3.1 The aforesaid issue is squarely covered against the revenue in light of the decision of the Delhi High Court in the case of Container Corporation of India Limited Vs. Assistant Commissioner of Income-tax reported in 346 ITR 140 [Delhi] as well as the decision of the Bombay High Court in the case of Commissioner of Income-tax II, Thane Vs. Continental Warehousing Corporation [Nhava Sheva] Limited reported in 374 ITR 645 (Bombay). In the aforesaid two decisions, Delhi High Court as well as Bombay High Court, after considering CBDT Circular No. 10 : dated 16/12/2005 have specifically observed and held that looking to the facilities provided by Container Freight Stand, the Container Freight Stand is an Inland Port as it carries out functions of warehousing, customs clearance and transport of goods from its location to sea-port and vice versa by rail or by trucks in containers. 4. Under the circumstances, the learned tribunal has rightly deleted the disallowance of deduction claimed by the assessee under Section 80IA(4) of the Act.
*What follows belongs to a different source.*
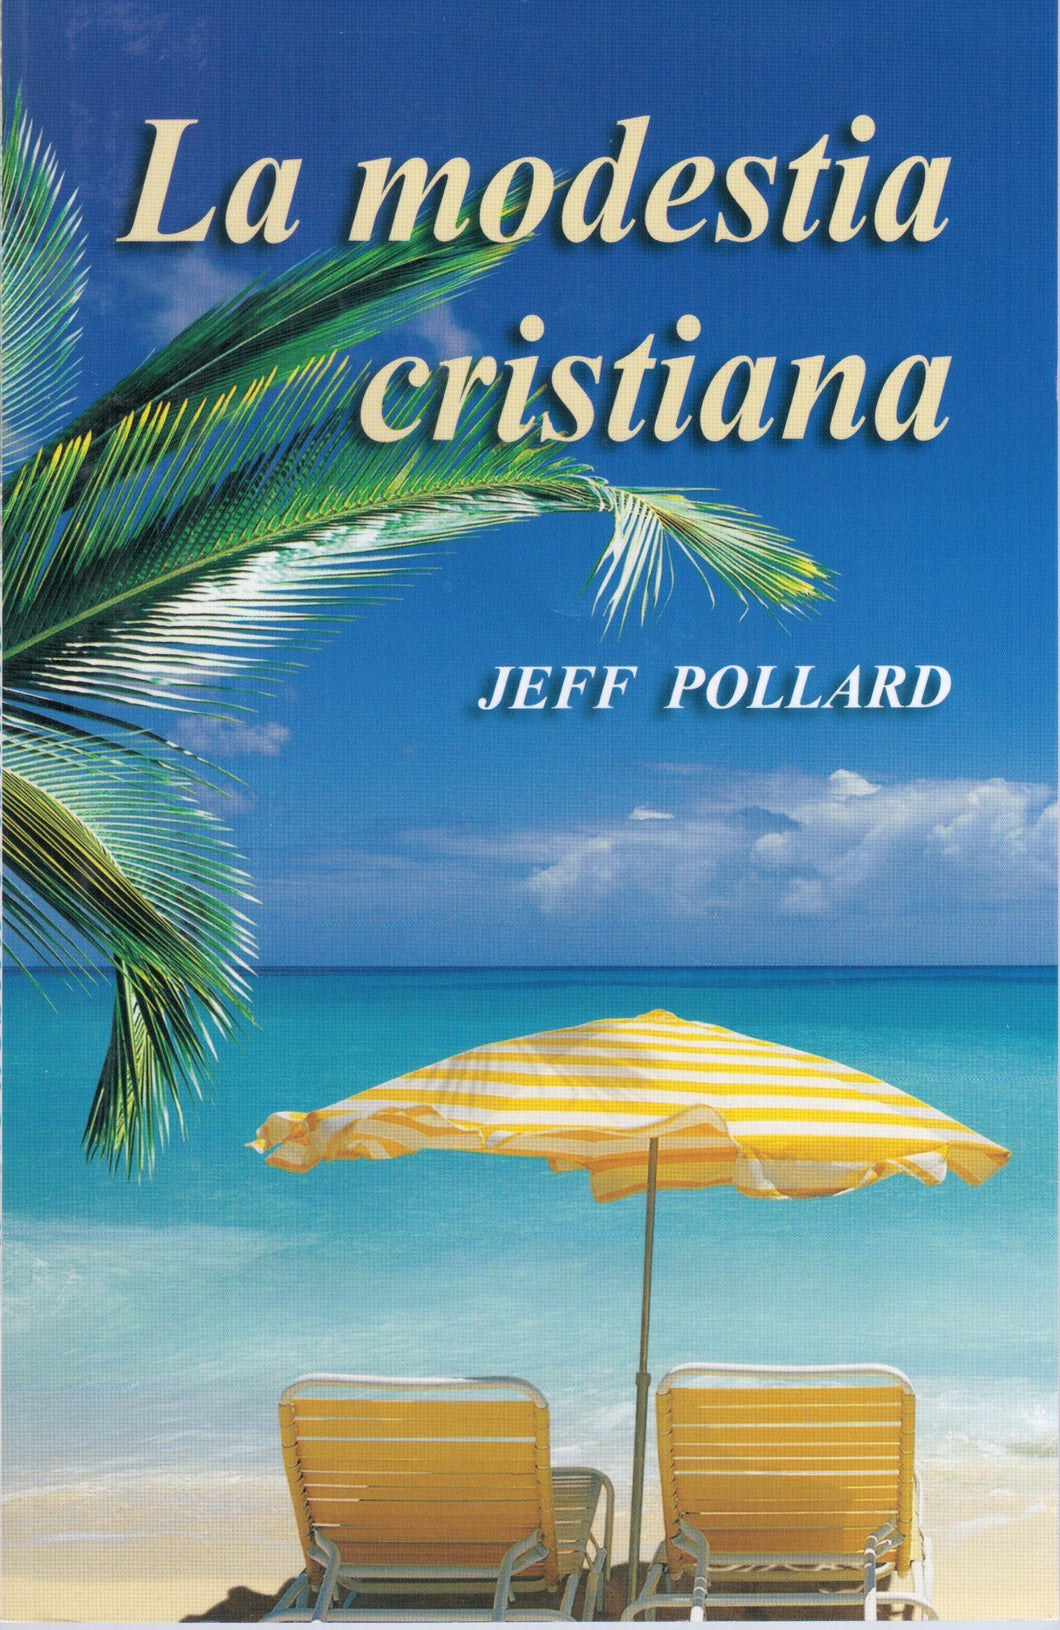 La modestia cristiana | Jeff Pollard | Publicaciones Aquila

At this stage, it is required to be noted that with respect to the earlier orders the assessee has been granted the deduction under Section 80IA(4) of the Act pursuant to the order passed by the learned tribunal and the same has attained finality. 5. Considering the aforesaid facts and circumstances of the case, we see no reason to interfere with the impugned judgment and order passed by the learned tribunal. No substantial question of law arises in the present Tax Appeal. Under the circumstances, the present Tax Appeal deserves to be dismissed and is accordingly dismissed.